Page MenuHomePhabricator

Investigate why Wikidata changes don't trigger LinksUpdate job [4 hours]
Closed, ResolvedPublic

Description

Context:
Wikibase Client

Problem:
Wikidata changes don't seem to trigger LinksUpdate job. With T280627 we have had a similar problem in the context of sitelinks.

Examples:

  • "In the infobox film of eswiki we use Wikidata properties for automatic categorization by director, year, genres,... and I realized that changing the values of Wikidata changes the rendering of the list of categories in the HTML output, but that the pages don't display in the category unless the page is null edited."
  • "I connected this article to its Wikidata entity, but even if the rendering of the page changed to reflect that the IMDb ID of the template parameter is the same as the one of the Wikidata entity it's still displayed in the category that tracks the mismatch of identifiers."

Acceptance criteria:

  • we figured out what is going on and came up with a plan of attack

Original:
In the infobox film of eswiki we use Wikidata properties for automatic categorization by director, year, genres,... and I realized that changing the values of Wikidata changes the rendering of the list of categories in the HTML output, but that the pages don't display in the category unless the page is null edited.
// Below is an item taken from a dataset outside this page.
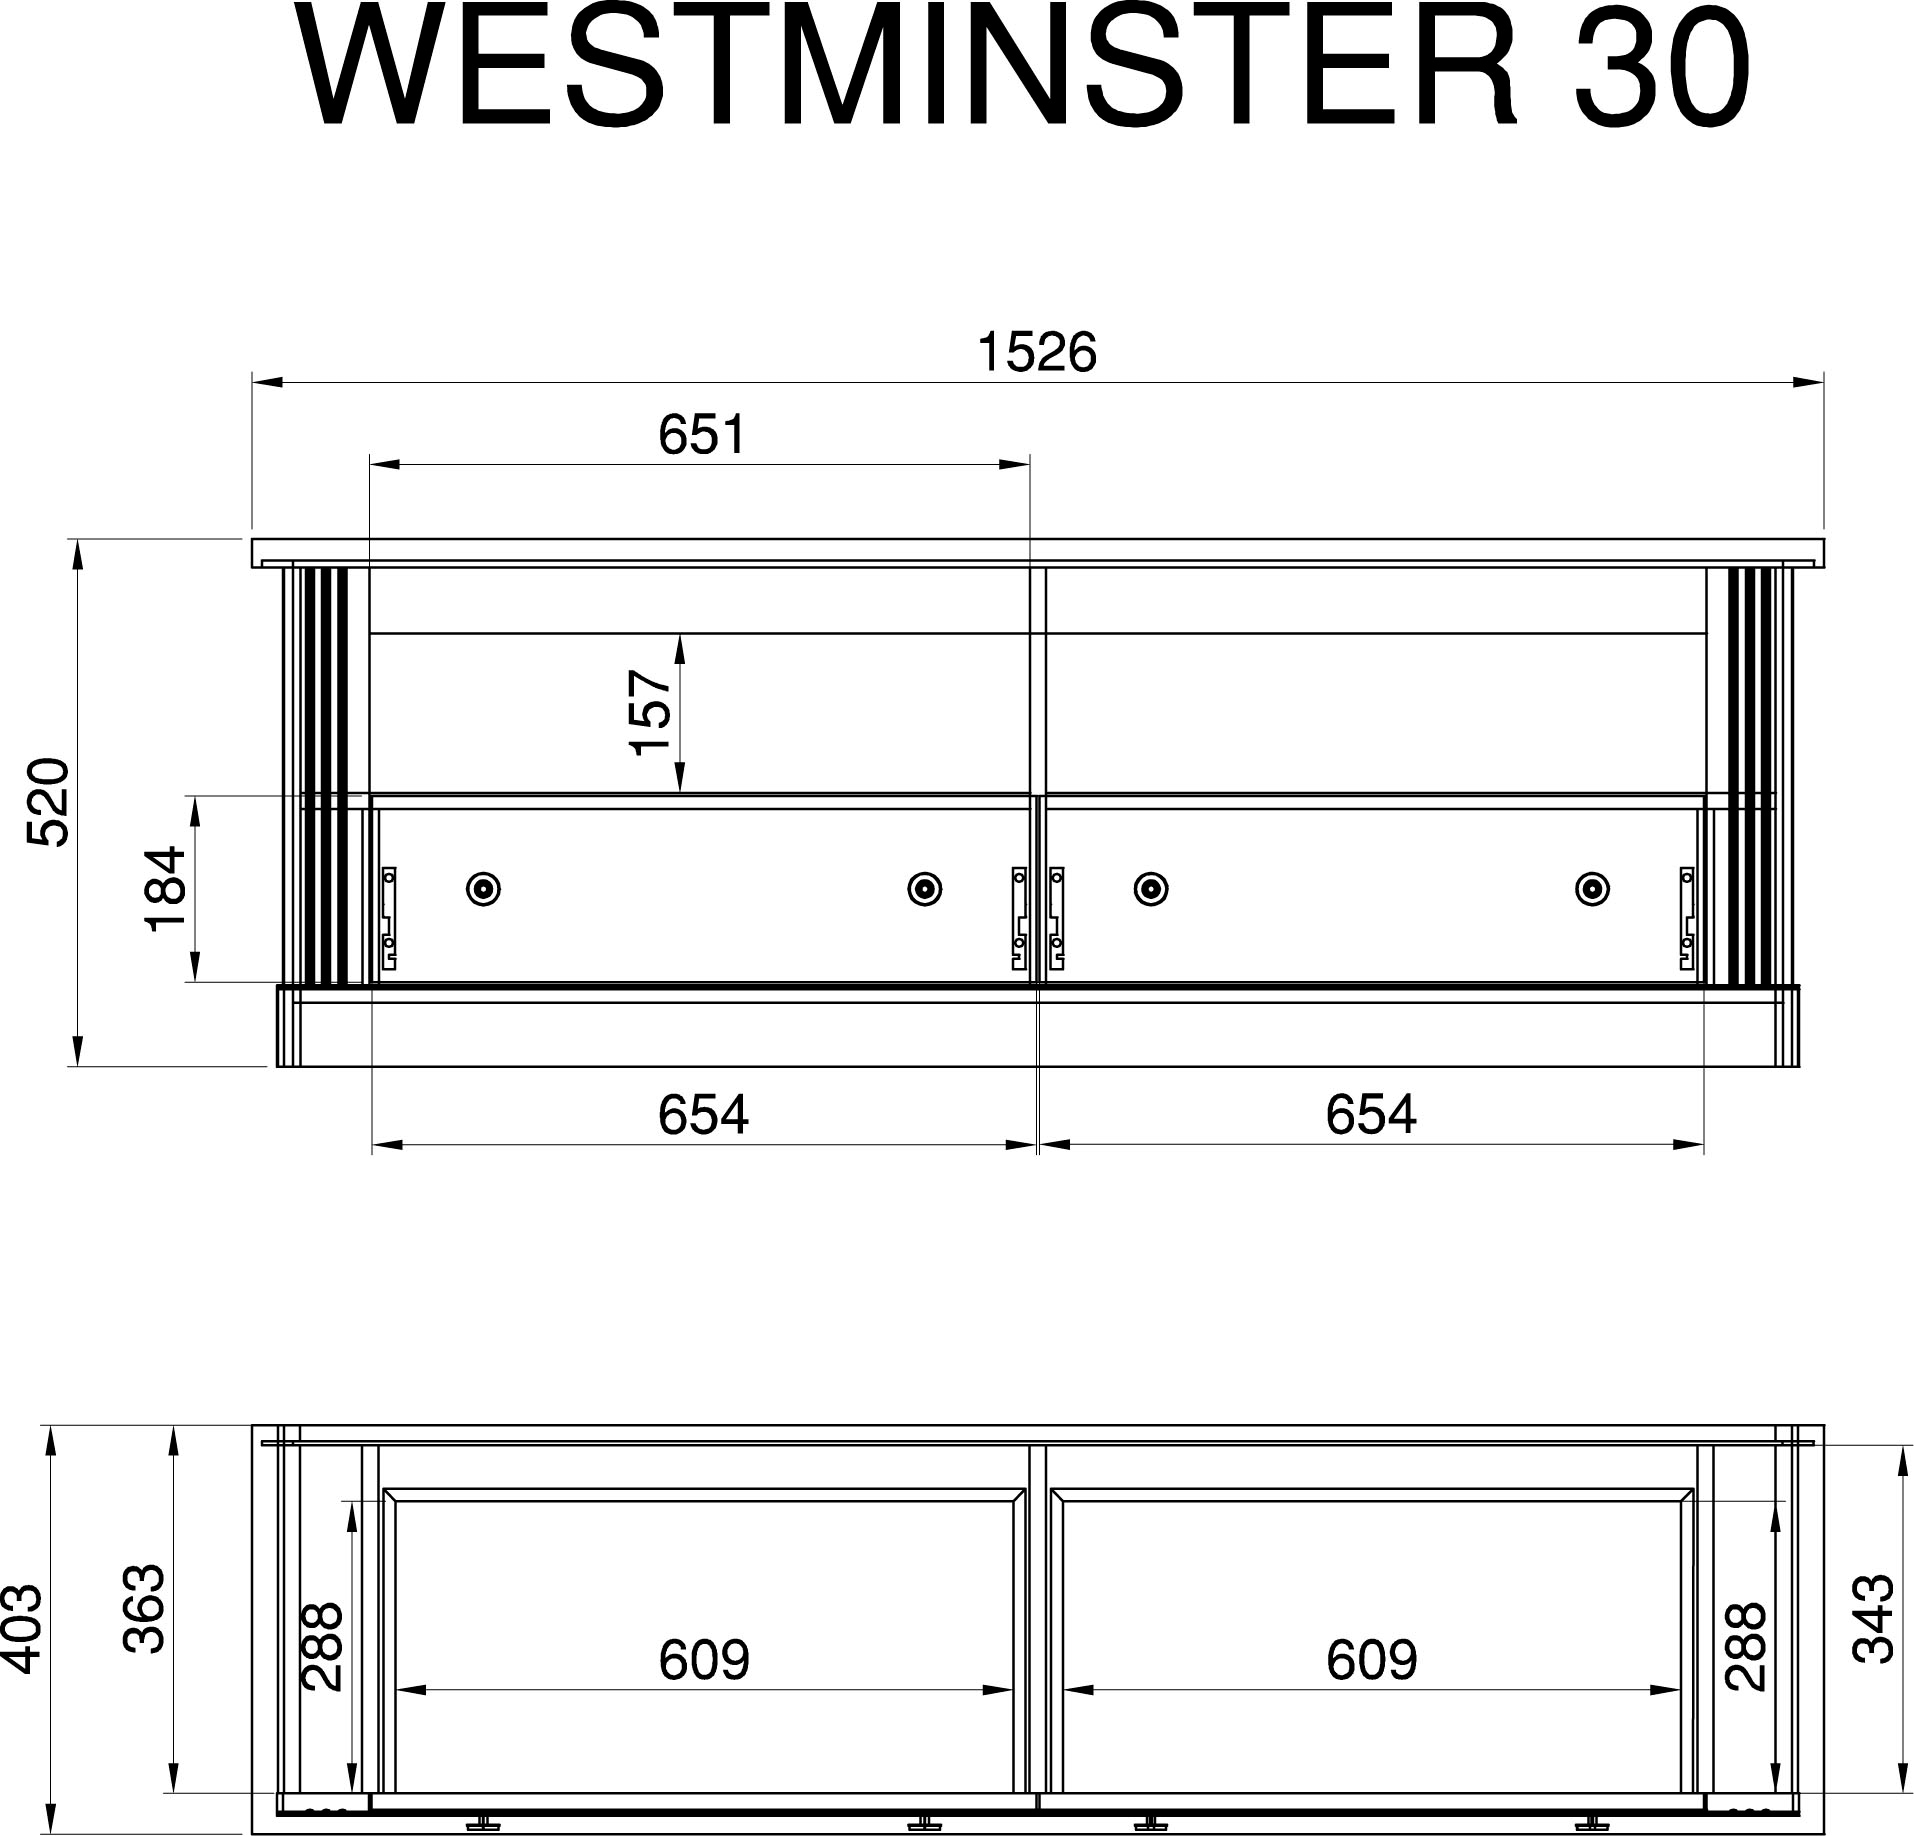 Home affaire Lowboard »Westminster«, Fernsehtisch in romantischem Landhausstil

I don't really know if it isn't working or if it is just that the LinksUpdate job is very lagged, but I think it's better reporting just in case.

Event Timeline

@Lydia_Pintscher, I just tested it and it's still happening in production right now. I connected this article to its Wikidata entity, but even if the rendering of the page changed to reflect that the IMDb ID of the template parameter is the same as the one of the Wikidata entity it's still displayed in the category that tracks the mismatch of identifiers.

There's no change linked to the task, so I assume that there's nothing pending to land in production and that when you added the TestMe project you were requesting confirmation of this problem still happening in production.

@Agabi10 Yes precisely. Thank you so much for checking and confirming!

Manuel renamed this task from Wikidata changes don't seem to trigger LinksUpdate job to Investigate why Wikidata changes don't trigger LinksUpdate job .Jul 20 2021, 9:58 AM
Manuel removed a project: TestMe.
Manuel updated the task description. (Show Details)

Related would be T280627 and some fixes that happened in there.
We should check the reproduction (the updates etc could take 6 hours)
We should be able to look in kafka for the job from the edit mentioned in T278924#7221244

Addshore renamed this task from Investigate why Wikidata changes don't trigger LinksUpdate job to Investigate why Wikidata changes don't trigger LinksUpdate job [4 hours].Jul 21 2021, 10:45 AM

So I see jobs being triggered. I'm not sure if they succeed or not:

ladsgroup@stat1005:~$ kafkacat -b kafka-main2001.codfw.wmnet -p 0 -t 'codfw.mediawiki.job.refreshLinks' -o -100000 | grep -i BadTitle | head
{"$schema":"/mediawiki/job/1.0.0","meta":{"uri":"https://placeholder.invalid/wiki/Special:Badtitle","request_id":"2d5fb4d6e4ececb5855550bf","id":"8d296dae-359a-4dd8-b2ed-380ca70e74f0","dt":"2021-08-10T08:49:00Z","domain":"zh.wiktionary.org","stream":"mediawiki.job.refreshLinks"},"database":"zhwiktionary","type":"refreshLinks","sha1":"d460e8e316f7b8f9172a13c2309306ced597fa7d","params":{"rootJobSignature":"title-batch:408f0dc002e682e27bcd6c18b9ec39b1440886e8","causeAction":"update","causeAgent":"uid:609373","namespace":0,"title":"Schulter","requestId":"[redacted]"},"mediawiki_signature":"52997c36528f7a886adb958bba6bbd295baf5836"}

One funny error I found is that for a job being triggered in zhwiktionary, we are setting uid of wikidata as the cause agent which can lead to confusion (but for later).

I dig a bit more.

Another thing: The six hour maximum is not true, I have found jobs with roots that go back maybe five days before.

I cannot check if the job succeeded but I can see the links got updated:

MariaDB [zhwiktionary_p]> select * from page where page_title = 'Schulter';
+---------+----------------+------------+-------------------+------------------+-------------+----------------+----------------+--------------------+-------------+----------+--------------------+-----------+
| page_id | page_namespace | page_title | page_restrictions | page_is_redirect | page_is_new | page_random    | page_touched   | page_links_updated | page_latest | page_len | page_content_model | page_lang |
+---------+----------------+------------+-------------------+------------------+-------------+----------------+----------------+--------------------+-------------+----------+--------------------+-----------+
|  784623 |              0 | Schulter   |                   |                0 |           0 | 0.750508417857 | 20210810095552 | 20210810100224     |     6181565 |      906 | wikitext           | NULL      |
+---------+----------------+------------+-------------------+------------------+-------------+----------------+----------------+--------------------+-------------+----------+--------------------+-----------+
1 row in set (1.21 sec)

while no actual edit has happened in this randomly chosen page (https://zh.wiktionary.org/w/index.php?title=Schulter&action=history) so I don't think a null edit happened on it either.

My conclusion is that it works, it's just slow specially when a template gets edited and the queue gets quite filled, it might take several days. My suggestoin course of action would be nothing or increasing concurrency of refreshlinks jobs (plus giving jobrunners more resources but that's not easy)

Sounds plausible to me. Moving to Verification for decision on further course of action.

Will flag this with Lydia